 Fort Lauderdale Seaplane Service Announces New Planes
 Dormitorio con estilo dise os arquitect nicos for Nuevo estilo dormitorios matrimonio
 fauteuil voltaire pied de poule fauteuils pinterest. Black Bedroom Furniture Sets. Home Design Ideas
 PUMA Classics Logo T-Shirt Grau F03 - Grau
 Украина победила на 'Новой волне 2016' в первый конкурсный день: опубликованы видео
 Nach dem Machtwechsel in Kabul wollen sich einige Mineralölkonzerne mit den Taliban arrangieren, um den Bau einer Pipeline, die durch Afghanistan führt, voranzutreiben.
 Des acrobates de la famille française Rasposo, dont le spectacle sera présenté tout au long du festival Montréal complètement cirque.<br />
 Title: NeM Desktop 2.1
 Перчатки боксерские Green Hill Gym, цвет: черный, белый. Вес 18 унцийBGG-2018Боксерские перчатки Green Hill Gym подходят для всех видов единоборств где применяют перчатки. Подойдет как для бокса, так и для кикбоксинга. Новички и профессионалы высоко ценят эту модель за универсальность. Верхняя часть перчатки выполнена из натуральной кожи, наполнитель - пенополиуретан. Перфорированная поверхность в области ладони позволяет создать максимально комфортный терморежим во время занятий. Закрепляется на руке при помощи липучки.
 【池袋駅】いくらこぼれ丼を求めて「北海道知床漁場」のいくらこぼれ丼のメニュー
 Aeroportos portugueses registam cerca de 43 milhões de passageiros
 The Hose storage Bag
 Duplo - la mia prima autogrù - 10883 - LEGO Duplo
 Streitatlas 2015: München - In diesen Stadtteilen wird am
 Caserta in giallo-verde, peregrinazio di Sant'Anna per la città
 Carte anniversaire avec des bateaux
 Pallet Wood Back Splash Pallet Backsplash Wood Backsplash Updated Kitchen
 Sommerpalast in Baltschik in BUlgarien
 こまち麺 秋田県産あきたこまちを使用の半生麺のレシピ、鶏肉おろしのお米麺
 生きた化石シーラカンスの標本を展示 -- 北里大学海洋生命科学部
= = = = = = =
-- Work instructions --
Above is a listing; print exactly its lines from the one with "The Hose storage Bag" through the one with "こまち麺 秋田県産あきたこまちを使用の半生麺のレシピ、鶏肉おろしのお米麺", and no other lines.

-- Completed exercise --
 The Hose storage Bag
 Duplo - la mia prima autogrù - 10883 - LEGO Duplo
 Streitatlas 2015: München - In diesen Stadtteilen wird am
 Caserta in giallo-verde, peregrinazio di Sant'Anna per la città
 Carte anniversaire avec des bateaux
 Pallet Wood Back Splash Pallet Backsplash Wood Backsplash Updated Kitchen
 Sommerpalast in Baltschik in BUlgarien
 こまち麺 秋田県産あきたこまちを使用の半生麺のレシピ、鶏肉おろしのお米麺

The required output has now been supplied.